Norfolk and Mervin

Case

[2011] FamCA 761


FAMILY COURT OF AUSTRALIA

NORFOLK & MERVIN [2011] FamCA 761
FAMILY LAW – CHILDREN – Proposed holiday overseas – whether an order should be made permitting the subject children to be taken overseas on vacation
Family Law Act 1975 (Cth)
APPLICANT: Ms Norfolk
RESPONDENT: Mr Mervin
INDEPENDENT CHILDREN’S LAWYER: Mr Damien Carter of Carter Farquar Lawyers
FILE NUMBER: BRC 7348 of 2007
DATE DELIVERED: 19 September 2011
PLACE DELIVERED: Brisbane
PLACE HEARD: Brisbane
JUDGMENT OF: Kent J
HEARING DATE: 19 September 2011

REPRESENTATION

COUNSEL FOR THE RESPONDENT: Mr R Hamwood
SOLICITOR FOR THE RESPONDENT: Biggs Fitzgerald Pike
SOLICITOR FOR THE INDEPENDENT CHILDREN’S LAWYER: Mr Damien Carter of Carter Farquar Lawyers

Orders

  1. It is ordered that the Mother’s application to remove the children from Australia for the purposes of a holiday to City D, Country E, from 3 November 2011 until 9 November 2011 is dismissed.

  2. It is ordered that pursuant to s 65L(1)(b) of the Family Law Act 1975 (Cth), a Family Consultant be present to explain to B, born … 1999, and C, born … 2001, the reasons why permission has been refused for the two children to travel to City D, Country E.

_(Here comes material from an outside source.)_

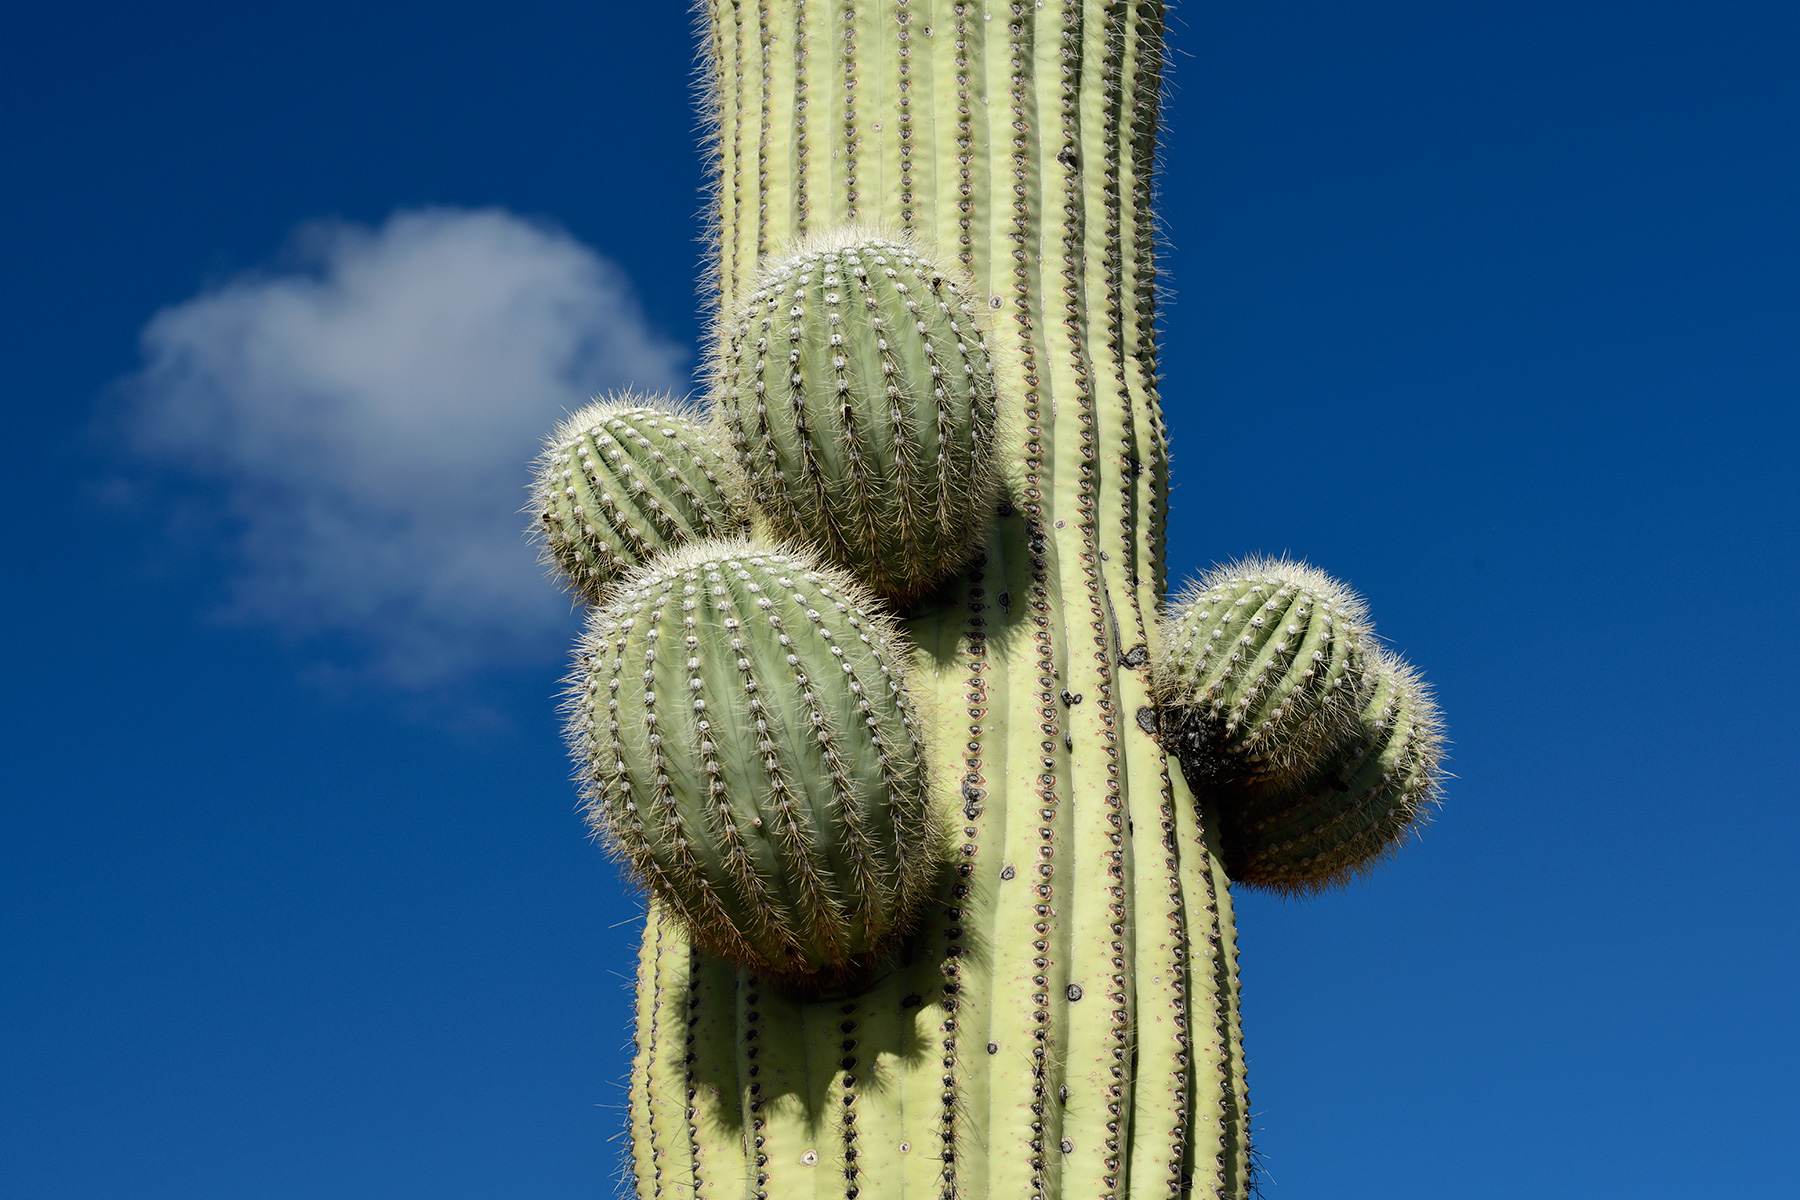 Parc National de Organ Pipe Cactus (Arizona, USA) - Cactus Saguaro avec pousses sur son tronc

  3. It is ordered until further order that Ms Norfolk, born … 1964, and her servants and agents are restrained from taking or sending or attempting to take or send the children B (a male), born …, and C (a male), born …, from Australia.

  4. It is ordered until further order that the Marshal and all officers of the Australian Federal Police and the Police Forces of the States and Territories are requested and authorised to give effect to these orders.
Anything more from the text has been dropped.